Jazmine Sullivan, Heaux Tales (RCA, 2021)
Soften, streaming platforms – and Spotify en premier – want to impose the idea that to exist in the current world of music you have to pull in all directions, get out of music constantly, occupy the field until exhaustion. The reality is much more complicated than that, fortunately, and the new album of Jazmine Sullivan comes to remind us. Because the American, brilliant singer and songwriter of a genre that is filling up everywhere on the internet, modern R’nB, could play this little game and multiply the releases. But none of that. Heaux Tales is his fourth album since 2008, patient marker of a remarkably thrifty and waste-poor career. Jazmine Sullivan, it’s a handful of records all remarkable – this new not doing exception – and select collaborations that navigate between demanding R’nB, literate hip-hop and curious pop, with Anderson .Paak, Kindness, Frank Ocean (Blond), Mary J. Blige or Monica.

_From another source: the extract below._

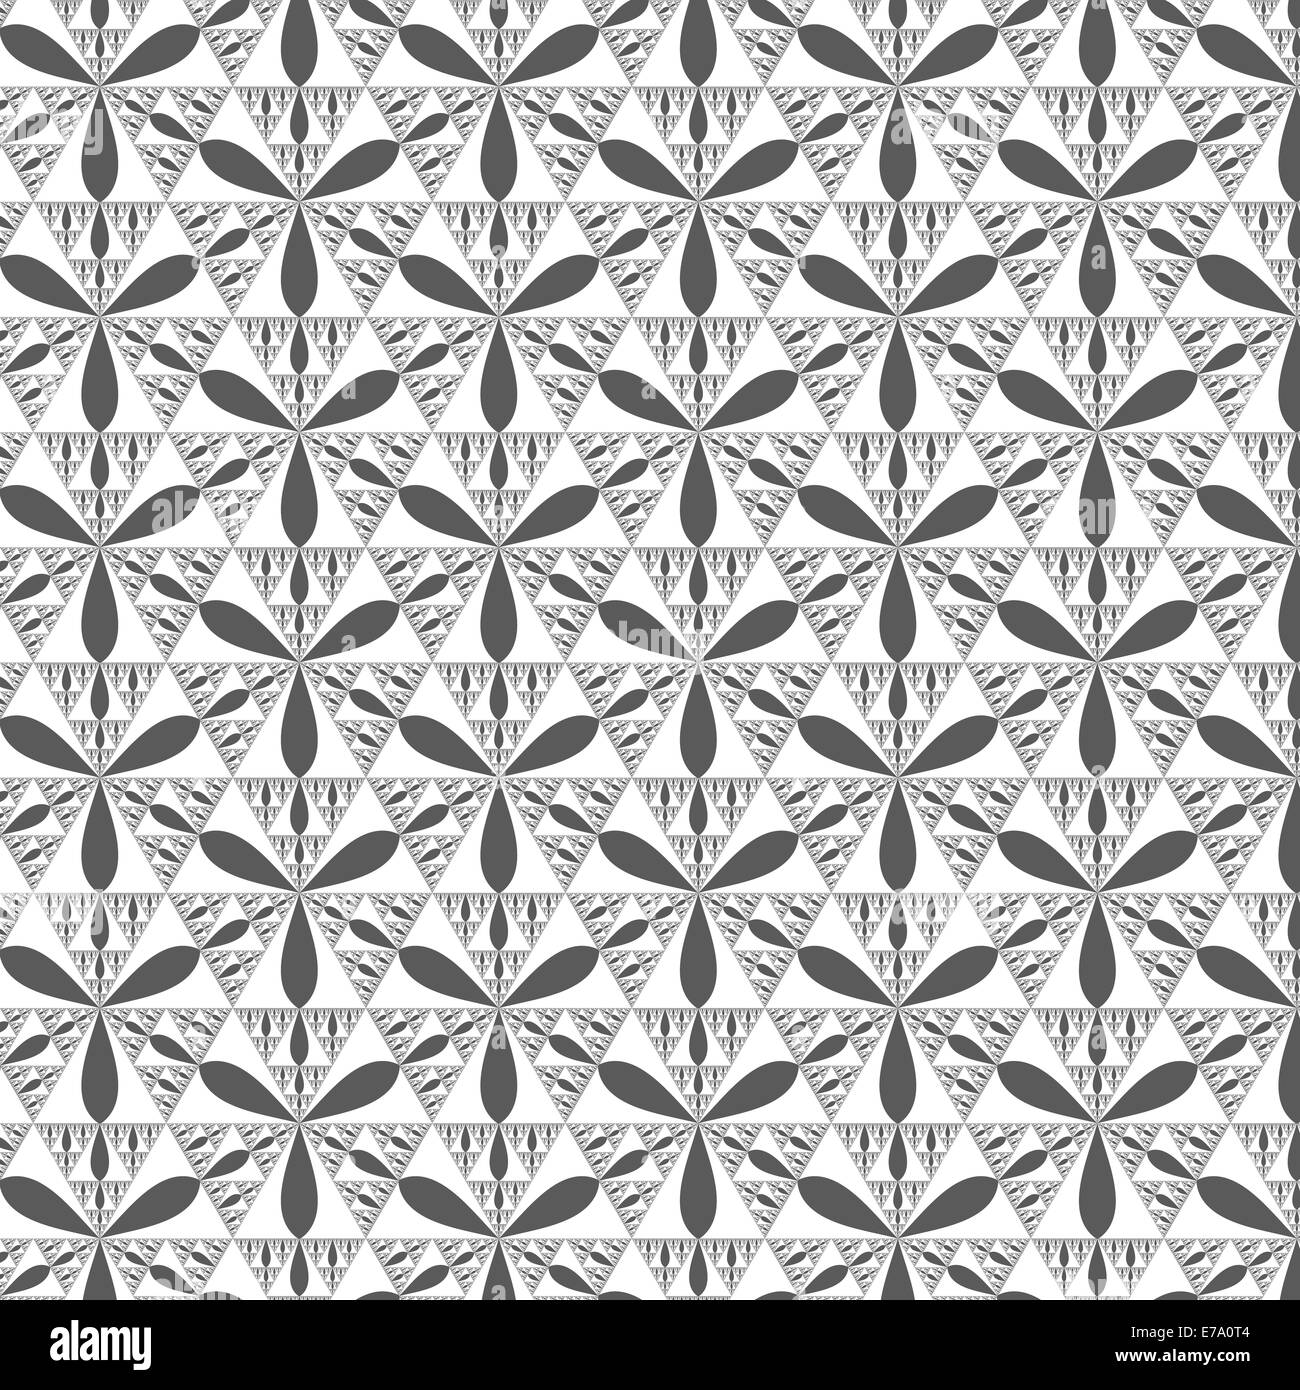 Holzkohle und weißen Sierpinski Dreiecke bilden eine Muster Stockfoto

Jazmine Sullivan, 33 today, is a low key. Daughter of a chorister for the great Afro-American label of the 1970s Philadelphia International, purveyor of lush soul that also heralded house and R’nB, she learned to sing very early before doing her school training and to debut in various choirs in his city, Philadelphia. This is where his grainy, clear but not smooth mezzo-soprano voice was quickly spotted.